- Dataset extract:
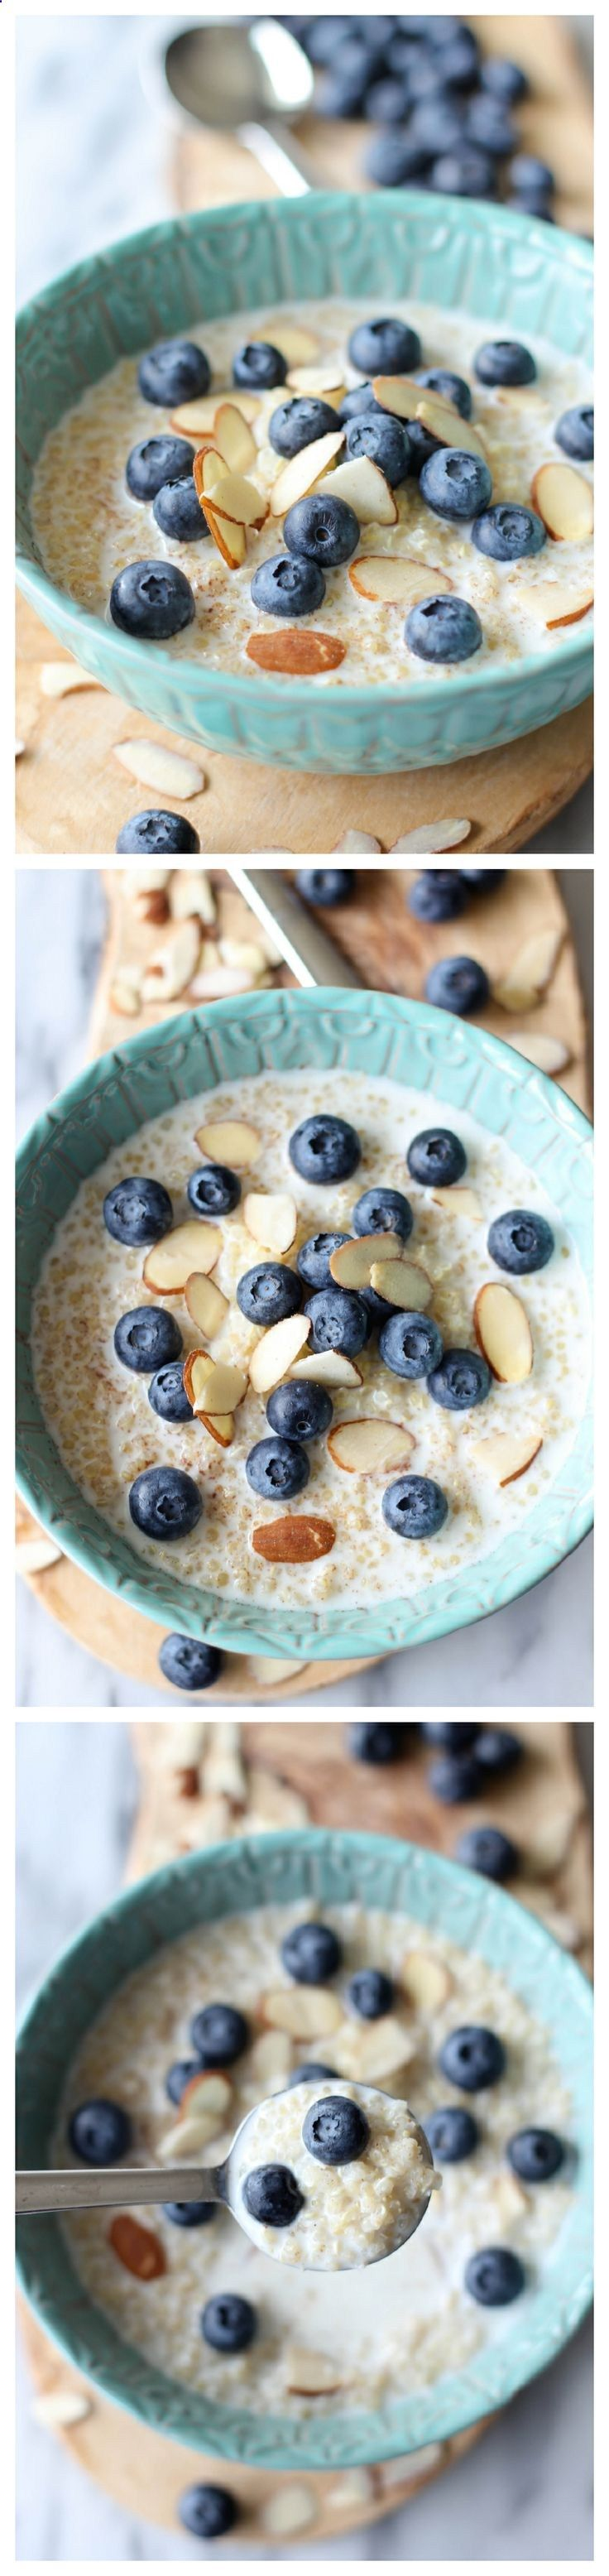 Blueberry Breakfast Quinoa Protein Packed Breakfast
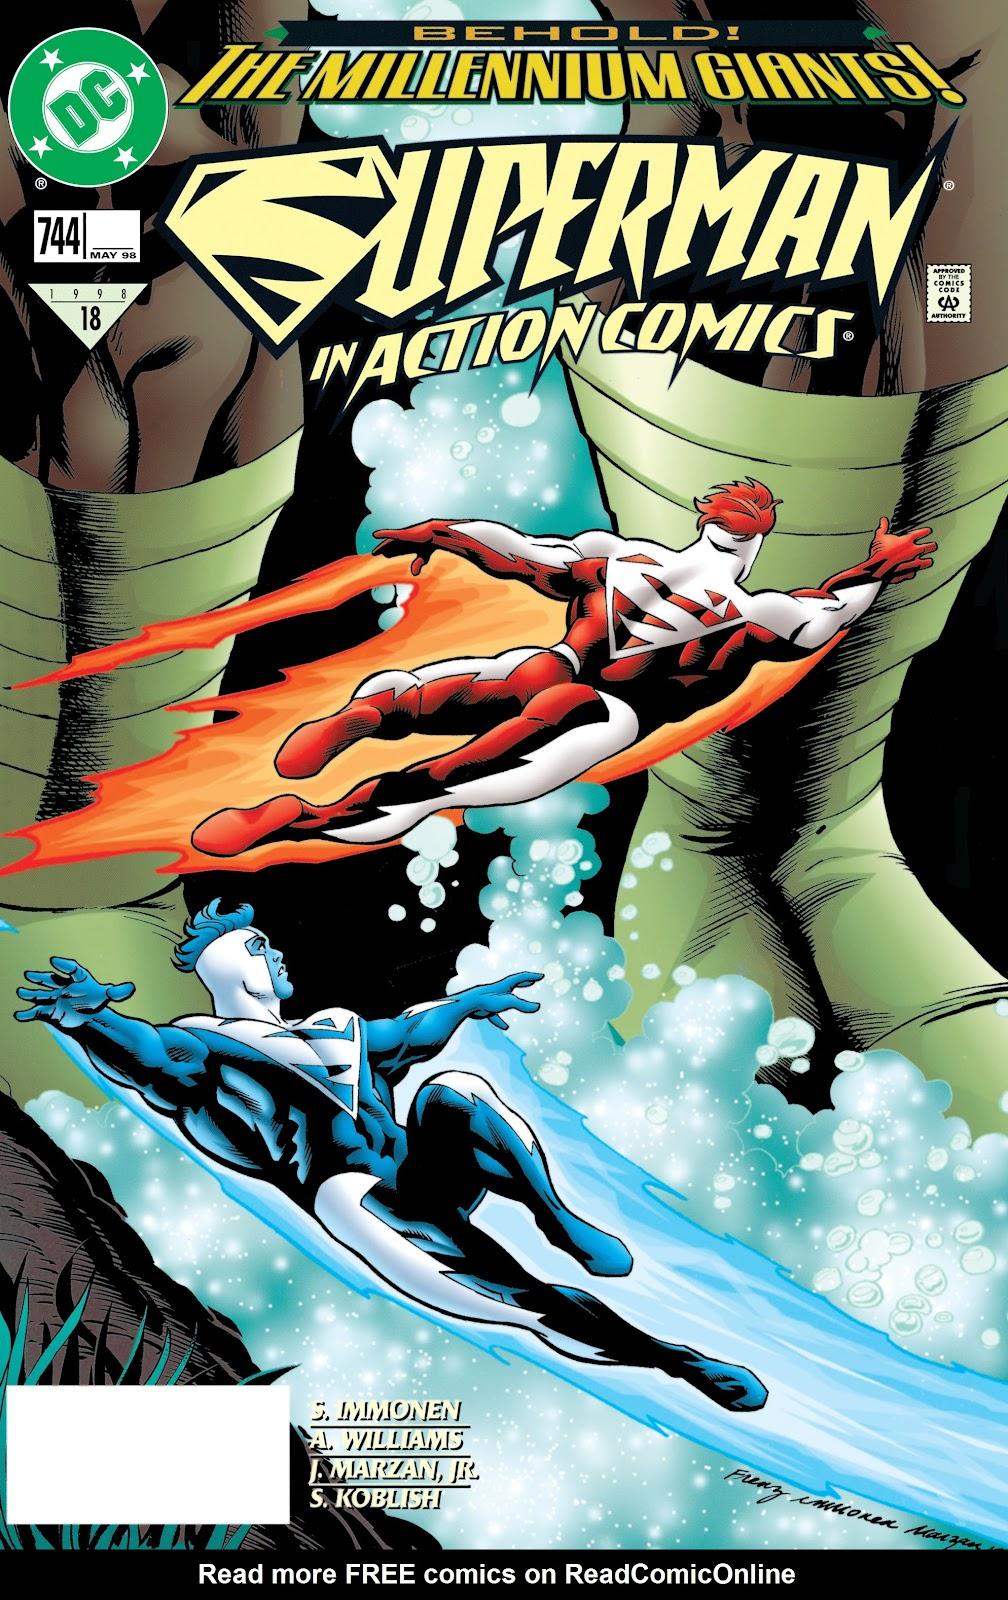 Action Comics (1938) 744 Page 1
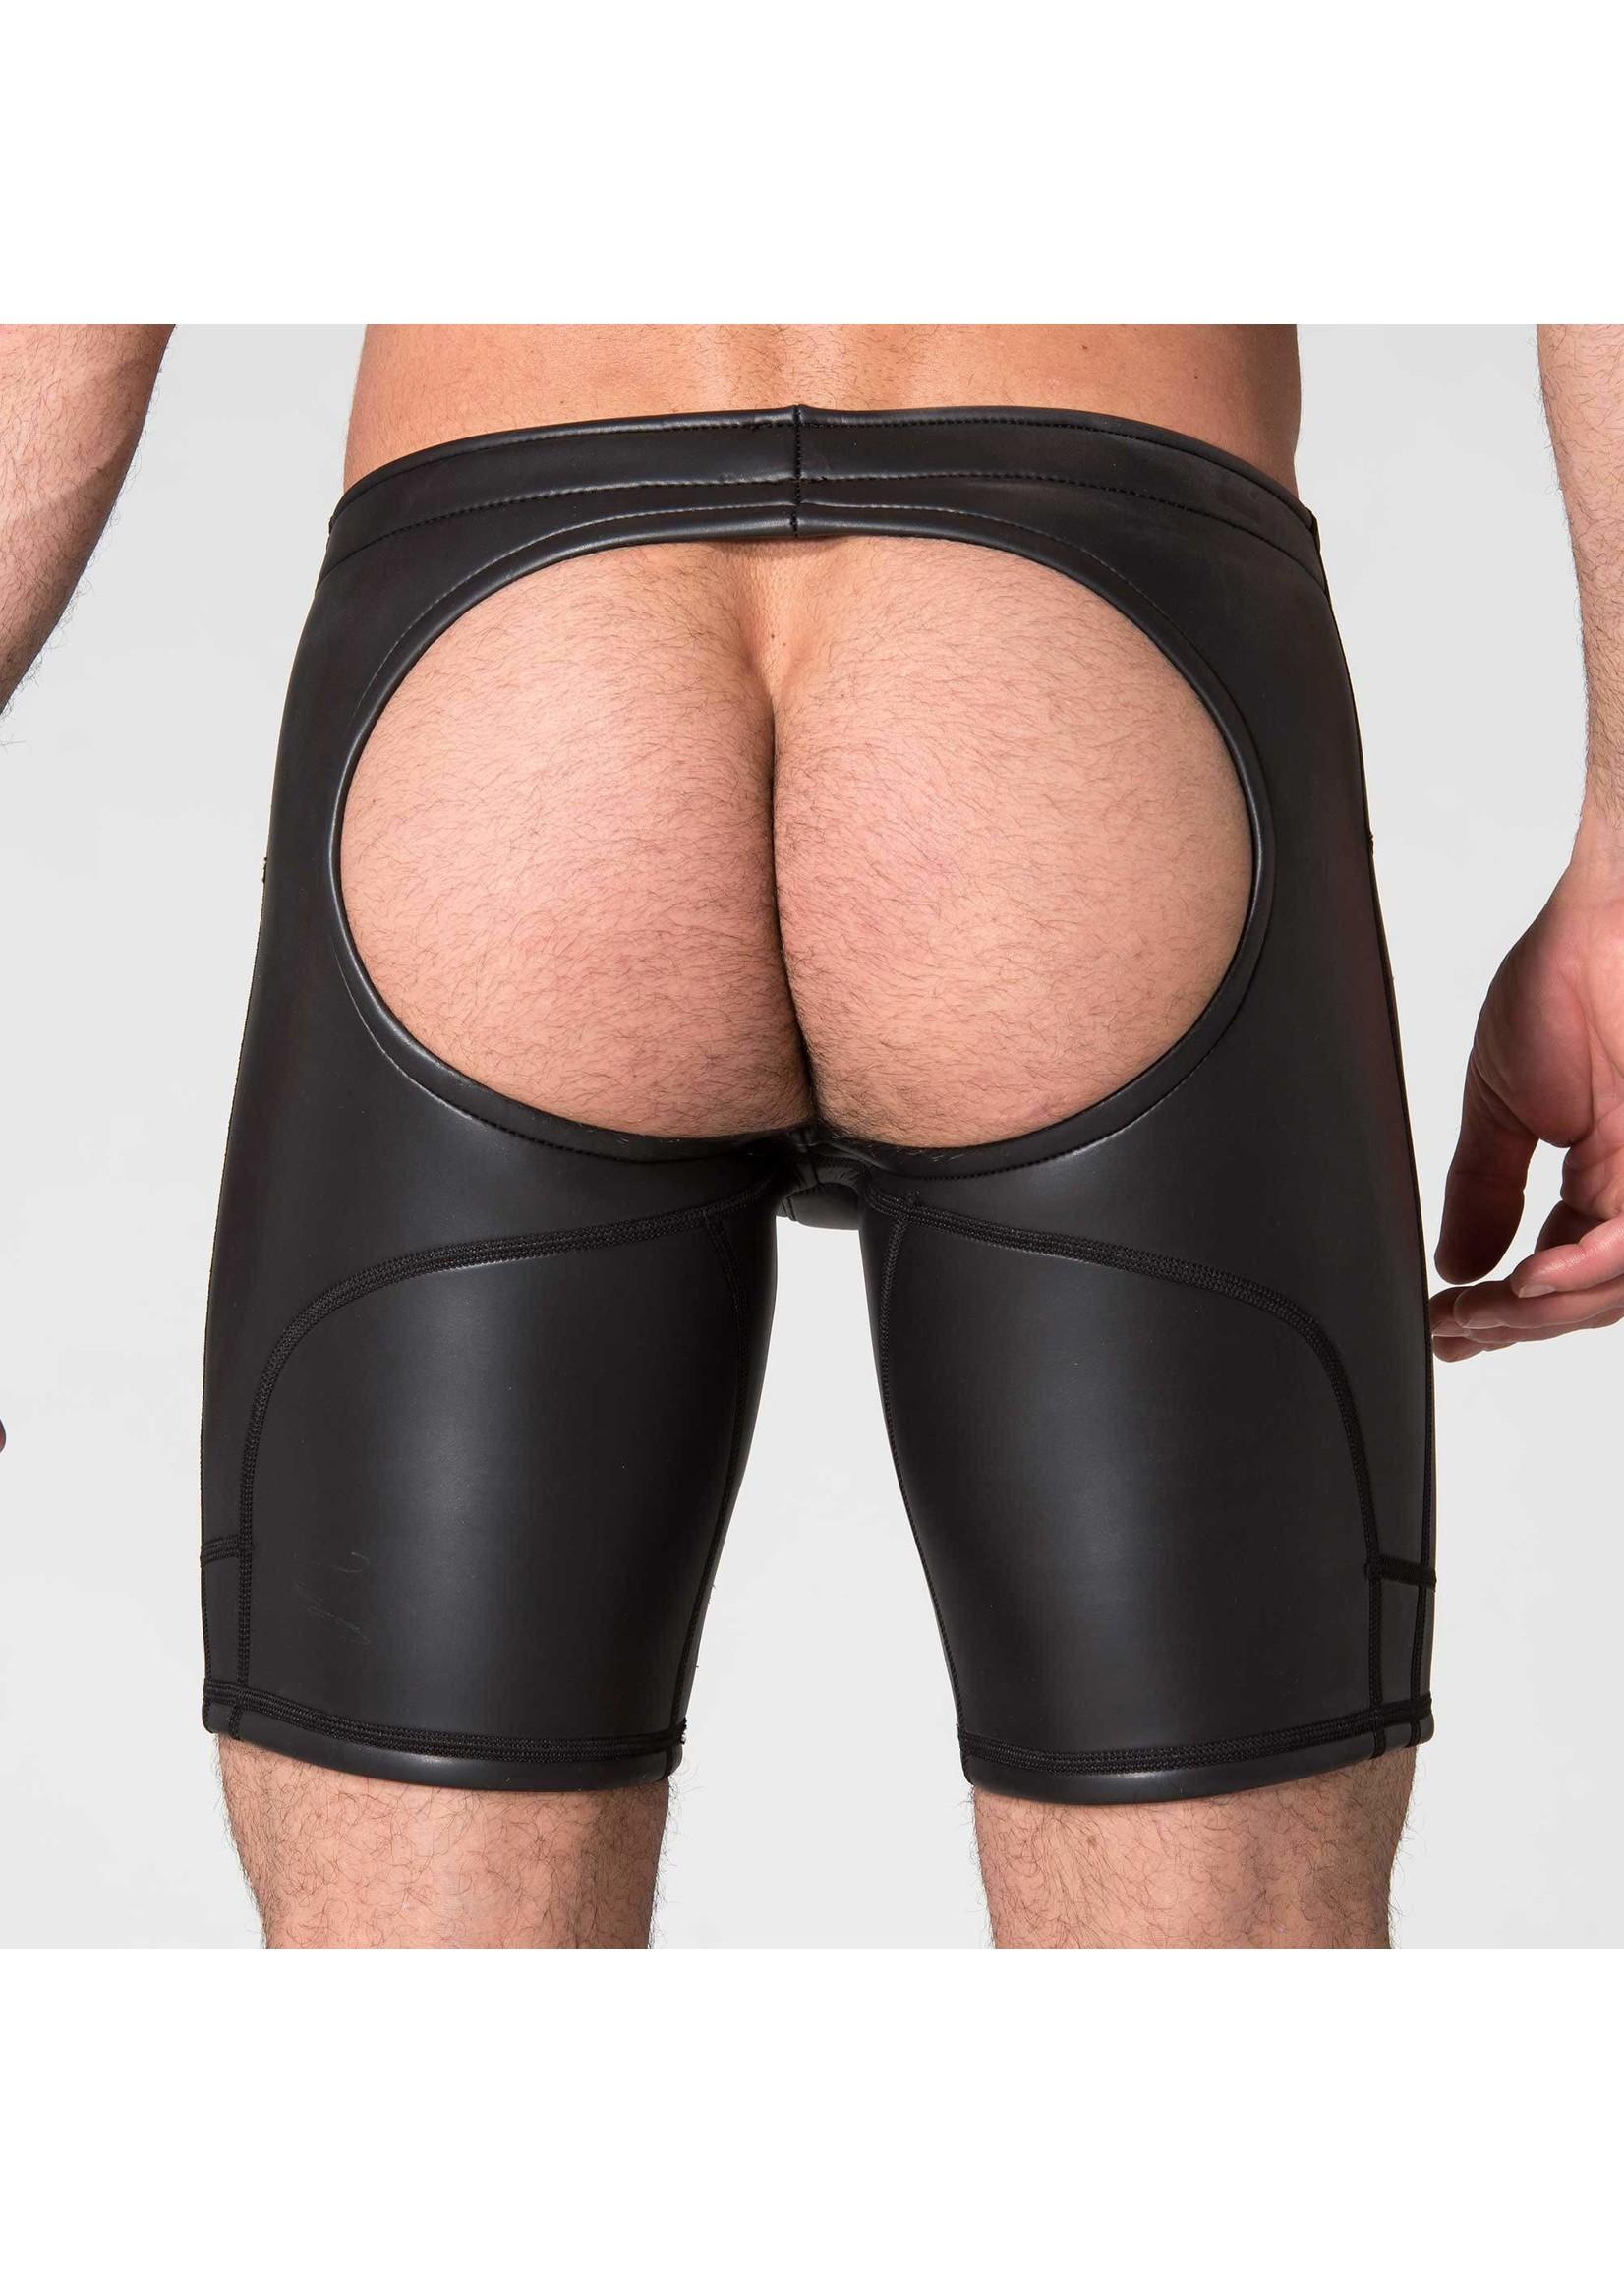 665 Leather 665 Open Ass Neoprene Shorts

- Work instructions:
Return the data exactly. Pictures stay out.

- Answer for the task:
 Blueberry Breakfast Quinoa Protein Packed Breakfast
 Action Comics (1938) 744 Page 1
 665 Leather 665 Open Ass Neoprene Shorts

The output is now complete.